Por equipo velvet | 22 septiembre 2021

La pandemia del covid-19 ha traído de vuelta temores profundos como la muerte y la pérdida de libertad. Son tiempos donde mujeres como Suzanne Hessinger, una sobreviviente del episodio más traumático de la historia del siglo XX, el Holocausto, tiene grandes lecciones para entregar.

Por Claudia Guzmán Fotos Maglio Pérez Agradecimientos Memoria Viva / mviva.org

Suzanne Hessinger sabe de encierros prolongados, pero con el componente de estar alejada de los suyos, de vivir bajo la amenaza de la muerte y de enfermar. Lo supo hace más de 80 años atrás.

Suzanne tiene 86 años y es una mujer hiperactiva, que vive junto a su marido de 97 en un departamento de Lo Barnechea en constante comunicación con su familia de dos hijos, ocho nietos y cuatro bisnietos.

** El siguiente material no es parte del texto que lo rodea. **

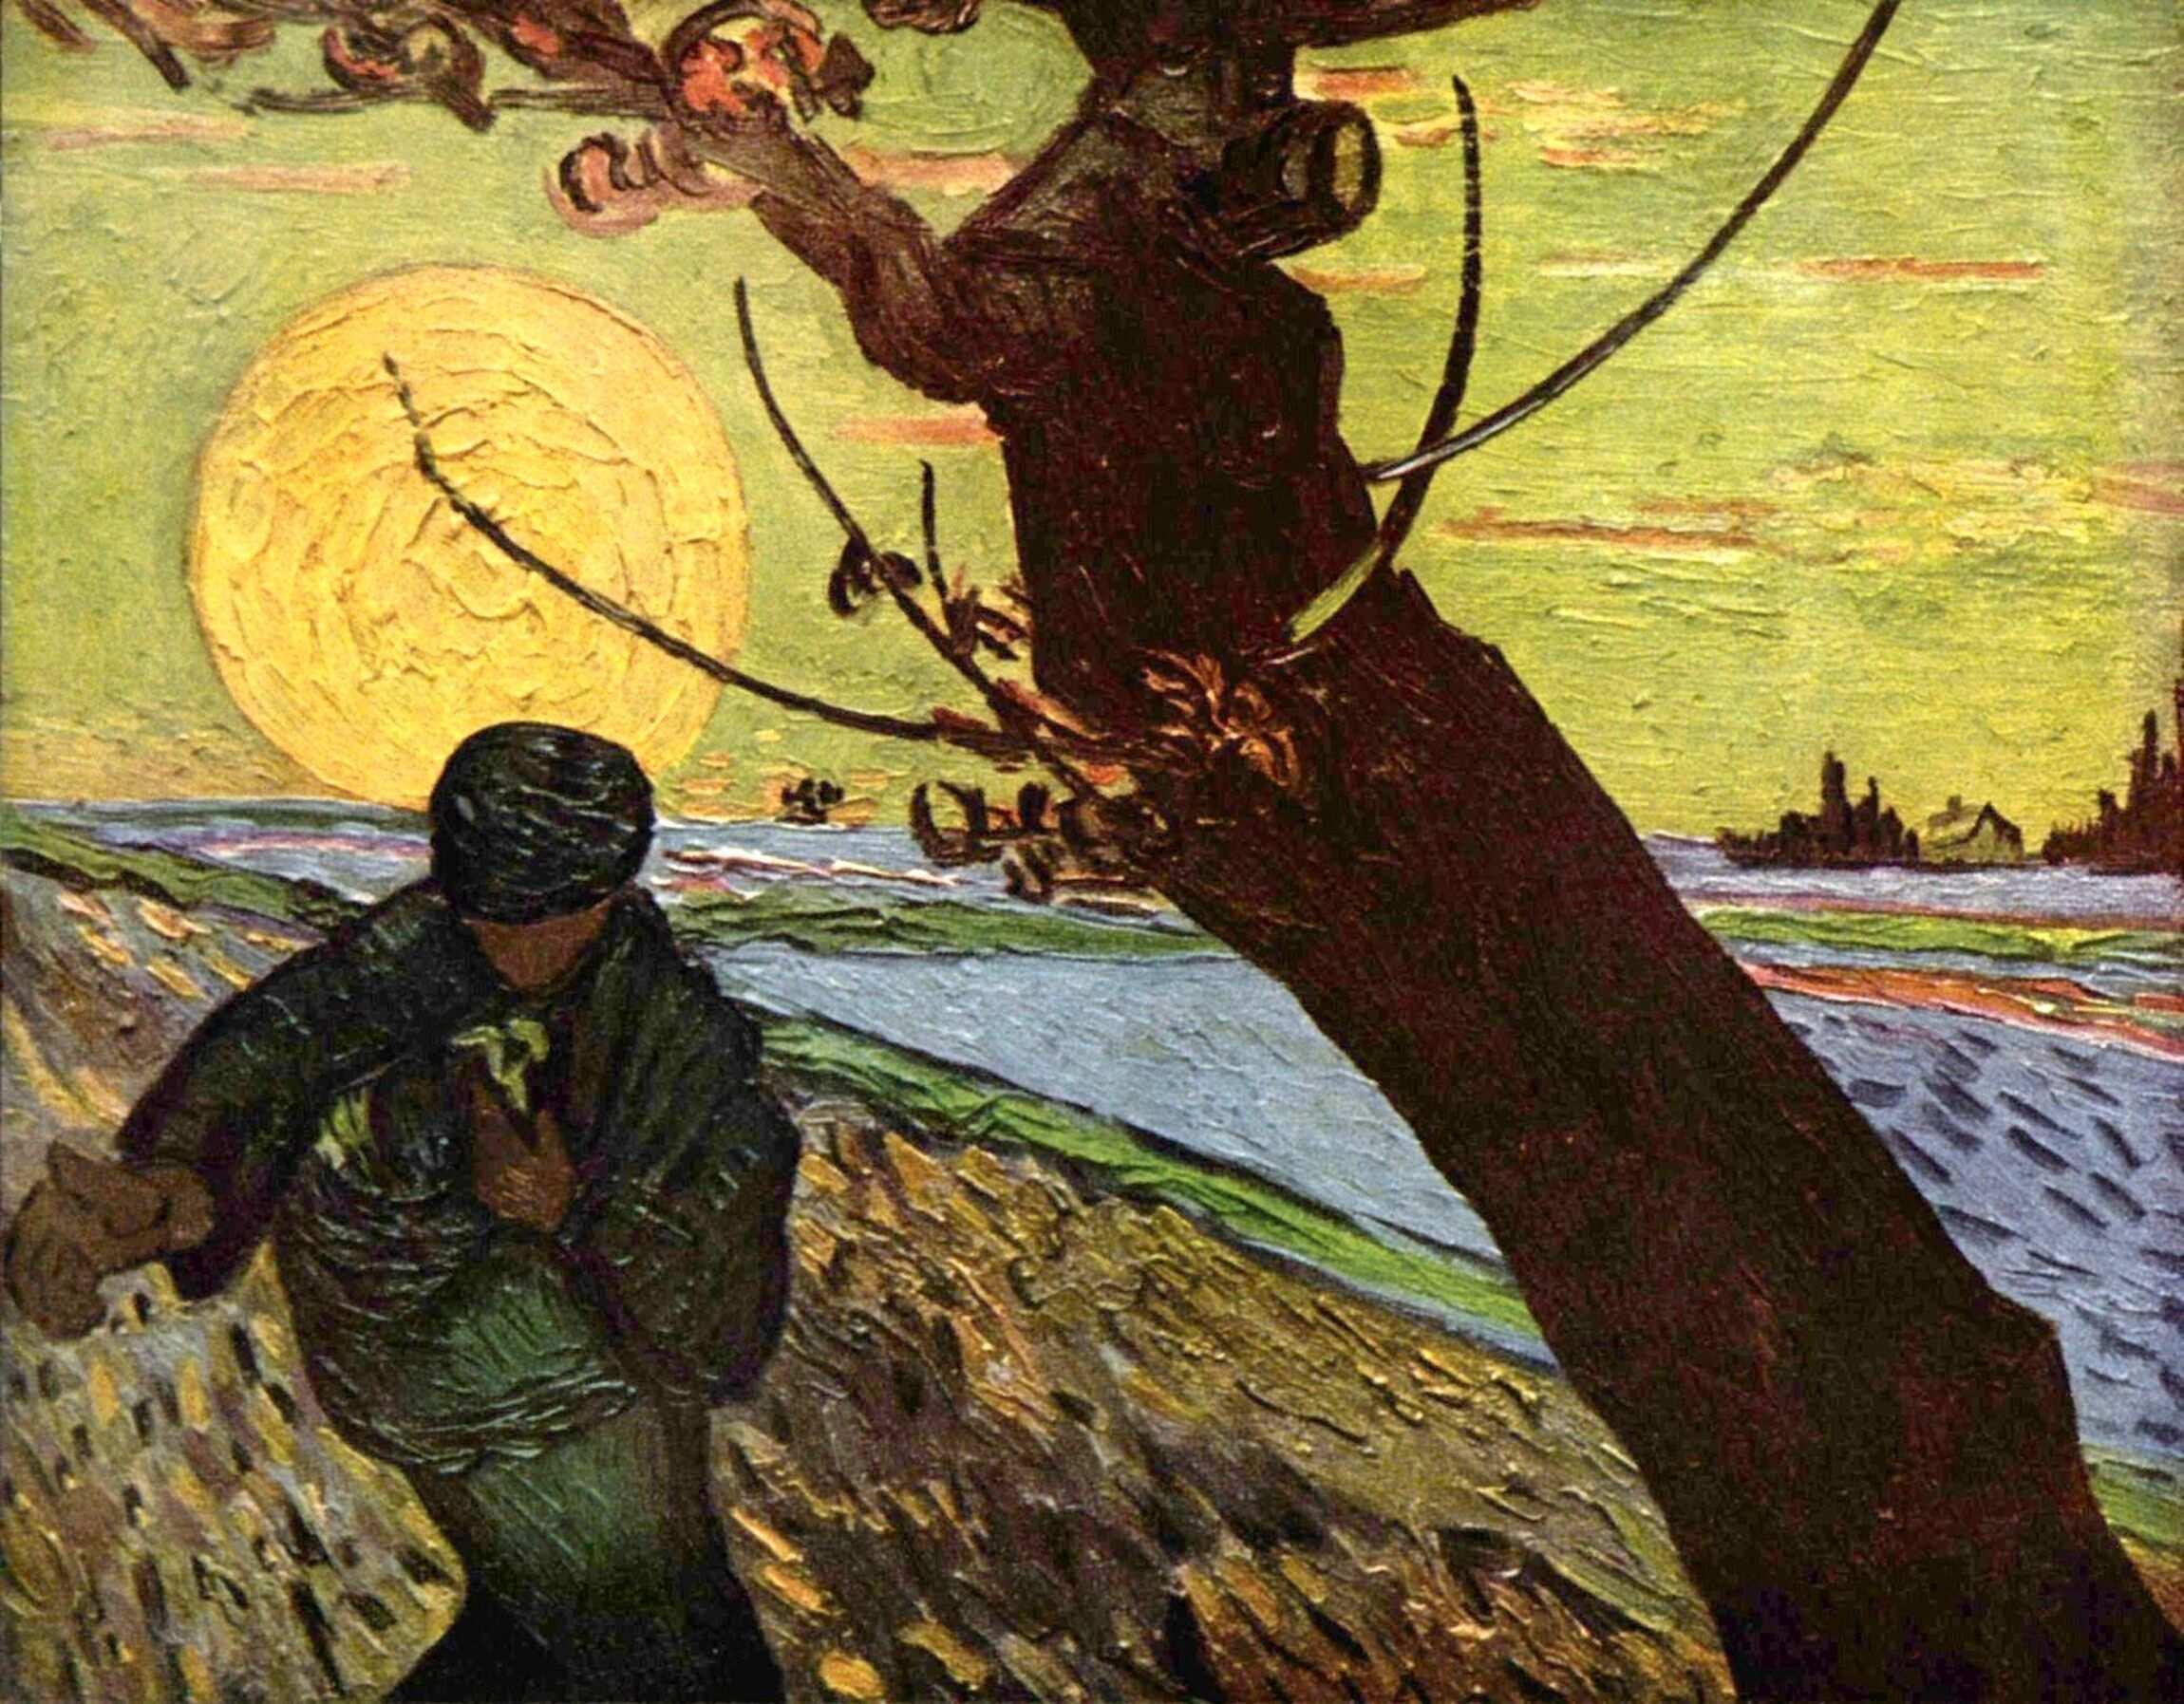 Religionspadagogisches Institut Loccum Der Samann Von Vincent Van Gogh

Ella dice que ha vivido esta pandemia del covid-19 desde un lugar de privilegio, y lo dice con la autoridad de quien sobrevivió a una de las experiencias más traumáticas de la humanidad –el Holocausto– desde un lugar de tremenda vulnerabilidad –la niñez–. Suzanne fue una de las pocas menores de edad del pueblo judío que logró sobrevivir para contar la historia de la persecución nazi en la II Guerra.

A mí la guerra me quitó la niñez, toda. Esa infancia que se tiene regalada, de la casa que te espera después del colegio, de las salidas con los papás. La tranquilidad. La seguridad. Era una vida que no era vida”, recuerda con dolor Suzanne, hija de padres judíos austríacos, nacida en Francia en 1936 y que tras ocupación de Paris en 1940 tuvo que vivir cinco años escondida en refugios, granjas, pueblos y hasta en el internado del santuario de Lourdes, cambiando su identidad y religión.

Más de un millón y medio de niños y adolescentes judíos murieron a causa del Holocausto según datos de centro de estudios históricos Yad Vashem. La más célebre de ellos fue Ana Frank, inmortalizada gracias a las páginas del diario de vida que escribió desde los 13 años y durante los más de dos años de encierro hasta que fue descubierta y llevada a los campos de concentración; primero a Auschwitz donde realizó trabajos forzados y después a Bergen-Bergen donde murió en febrero de 1945, dos meses antes de que este lugar fuera liberado por los británicos.

En la pasada edición de Revista Velvet usamos equivocadamente su nombre para simbolizar lo que significaba para la actual generación de niños y jóvenes coartar su desarrollo social y afectivo por un encierro forzado, pues esas inquietudes adolescentes eran parte central de lo que plasmaba Ana en su diario.

Sin embargo, a través de nuestras redes sociales advertimos el dolor que la sola comparación de los contextos históricos podía causar, ya que el encierro de Ana Frank, al igual que el de los demás niños judíos, se debió a la feroz persecución racial y religiosa que debieron enfrentar, para no ser asesinados. Por eso decidimos no perseverar con la publicación del reportaje, y pedir perdón.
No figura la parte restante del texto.